Semi-direct Visual Odometry

ORB-SLAM3: An Accurate Open-Source Library for Visual, Visual-Inertial and Multi-Map SLAM

Visual Inertial Odometry with SLAM capabilities and 3D Mesh generation.

Quick Overview

VINS-Fusion is an open-source state estimation system for visual-inertial navigation. It combines visual and inertial measurements to provide robust and accurate pose estimation for various robotic applications, including aerial and ground robots.

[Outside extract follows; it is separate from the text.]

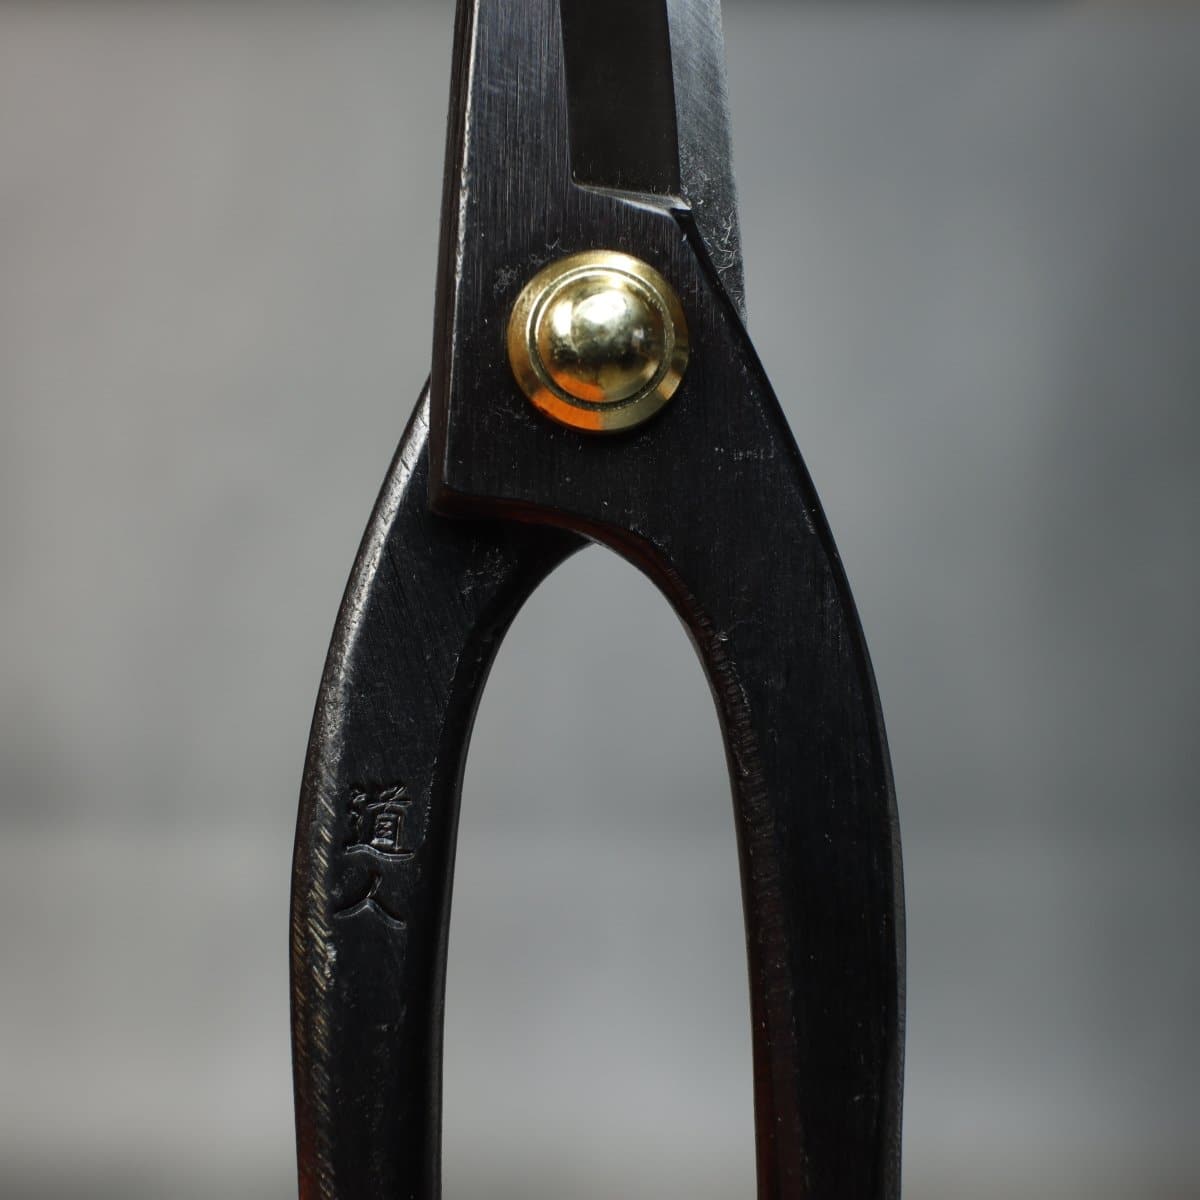 200mm Bonsai Scissors makers mark
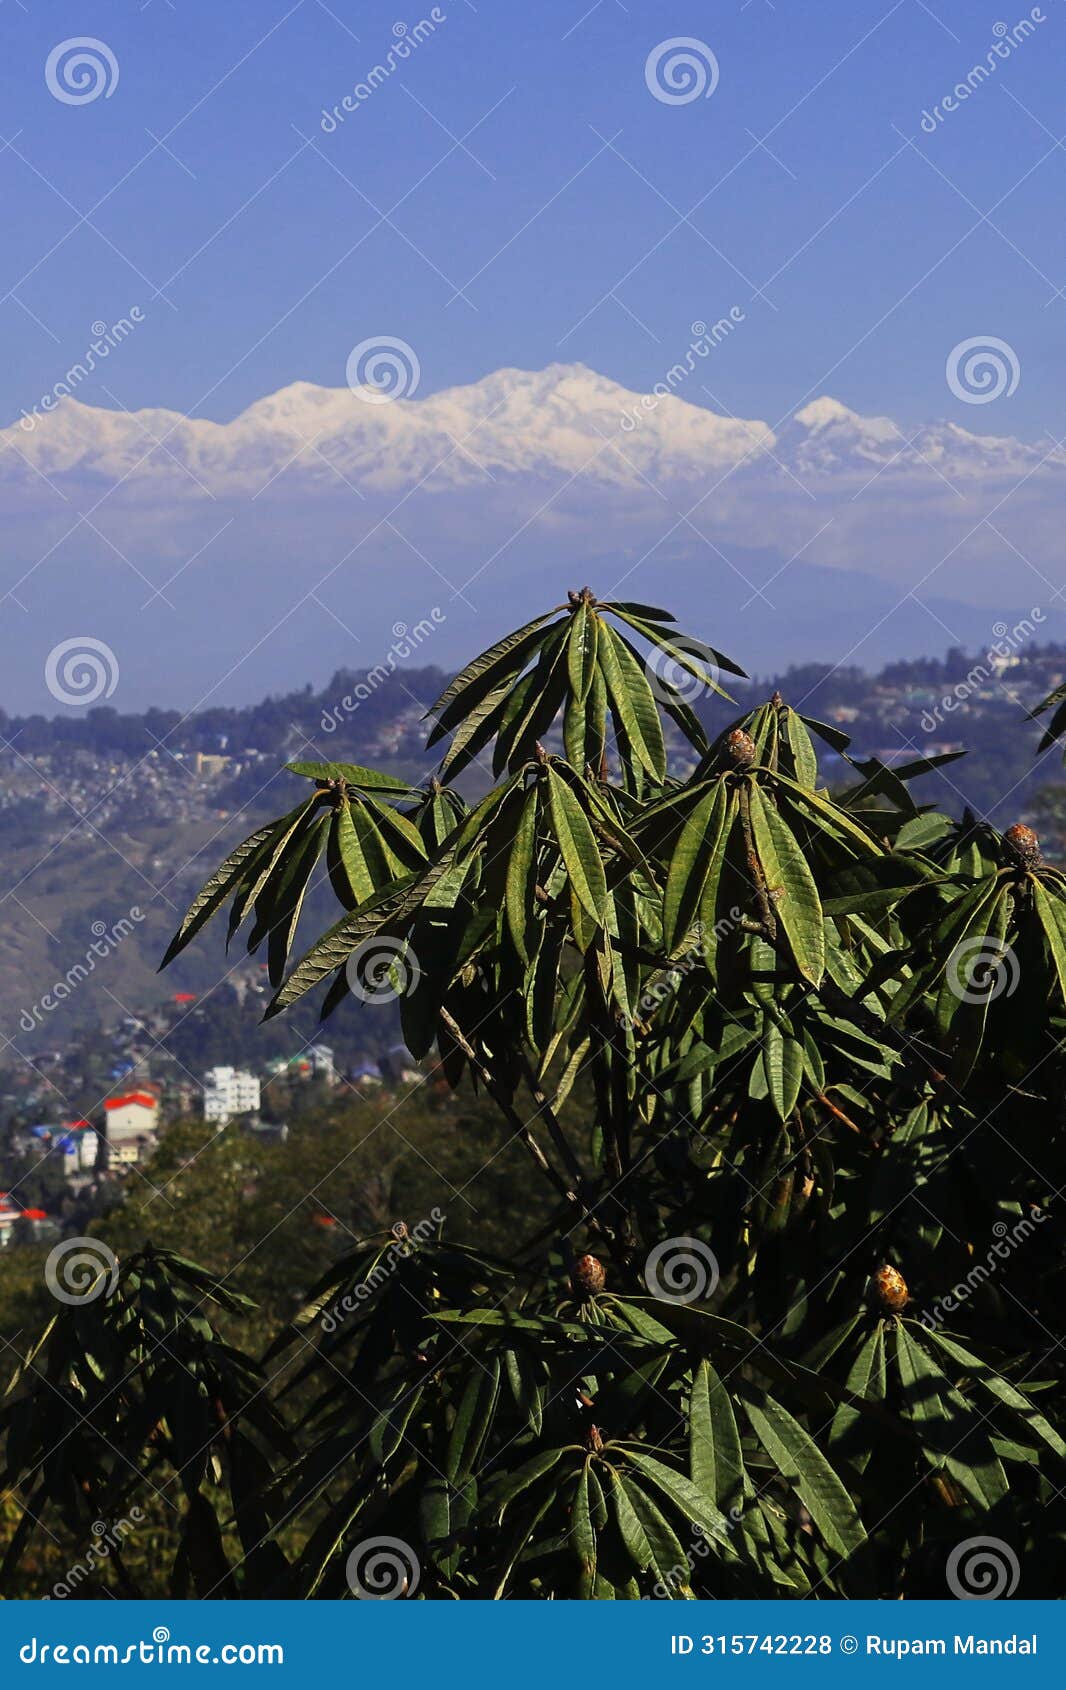 panorama of beautiful darjeeling hill station and snowcapped mount kangchenjunga

The system supports multiple sensor configurations and can work with both monocular and stereo cameras.

Pros

  • Supports multiple sensor configurations (monocular, stereo, stereo + IMU)
  • Provides real-time performance on various platforms
  • Includes loop closure for improved accuracy and drift reduction
  • Open-source with active community support

Cons

  • Requires careful calibration for optimal performance
  • May struggle in environments with limited visual features
  • Can be computationally intensive for resource-constrained platforms
  • Learning curve for new users to understand and configure the system

Code Examples

  1. Initializing the VINS-Fusion system:
#include "estimator/estimator.h"

Estimator estimator;
estimator.setParameter();
  1. Processing IMU data:
void processIMU(double dt, const Vector3d &linear_acceleration, const Vector3d &angular_velocity)
{
    estimator.processIMU(dt, linear_acceleration, angular_velocity);
}
  1. Processing image data:
void processImage(const map<int, vector<pair<int, Eigen::Matrix<double, 7, 1>>>> &image, double timestamp)
{
    estimator.processImage(image, timestamp);
}

Getting Started

  1. Clone the repository:

    git clone https://github.com/HKUST-Aerial-Robotics/VINS-Fusion.git
    
  2. Build the project:

    cd VINS-Fusion
    mkdir build && cd build
    cmake ..
    make
    
  3. Run the example:

    ./vins_node PATH_TO_CONFIG_FILE PATH_TO_IMAGE_FOLDER TIMESTAMP_FILE
    

Replace PATH_TO_CONFIG_FILE, PATH_TO_IMAGE_FOLDER, and TIMESTAMP_FILE with the appropriate paths for your dataset.

Competitor Comparisons

A Robust and Versatile Monocular Visual-Inertial State Estimator

Pros of VINS-Mono

  • Simpler implementation, easier to understand and modify
  • Lower computational requirements, suitable for resource-constrained systems
  • Faster processing time for real-time applications

Cons of VINS-Mono

  • Limited to monocular camera setups, reducing accuracy in some scenarios
  • Less robust in challenging environments with limited visual features
  • Lacks multi-sensor fusion capabilities for improved state estimation

Code Comparison

VINS-Mono (feature tracking):

void FeatureTracker::readImage(const cv::Mat &_img, double _cur_time)
{
    cv::Mat img;
    TicToc t_r;
    cur_time = _cur_time;

    if (EQUALIZE)
    {
        cv::Ptr<cv::CLAHE> clahe = cv::createCLAHE(3.0, cv::Size(8, 8));
        clahe->apply(_img, img);
    }
    else
        img = _img;

VINS-Fusion (feature tracking):

void FeatureTracker::readImage(const cv::Mat &_img, double _cur_time)
{
    cv::Mat img;
    TicToc t_r;
    cur_time = _cur_time;

    if (EQUALIZE)
    {
        cv::Ptr<cv::CLAHE> clahe = cv::createCLAHE(3.0, cv::Size(8, 8));
        clahe->apply(_img, img);
    }
    else
        img = _img;

The code snippets show similar feature tracking implementations, highlighting the shared codebase between the two projects.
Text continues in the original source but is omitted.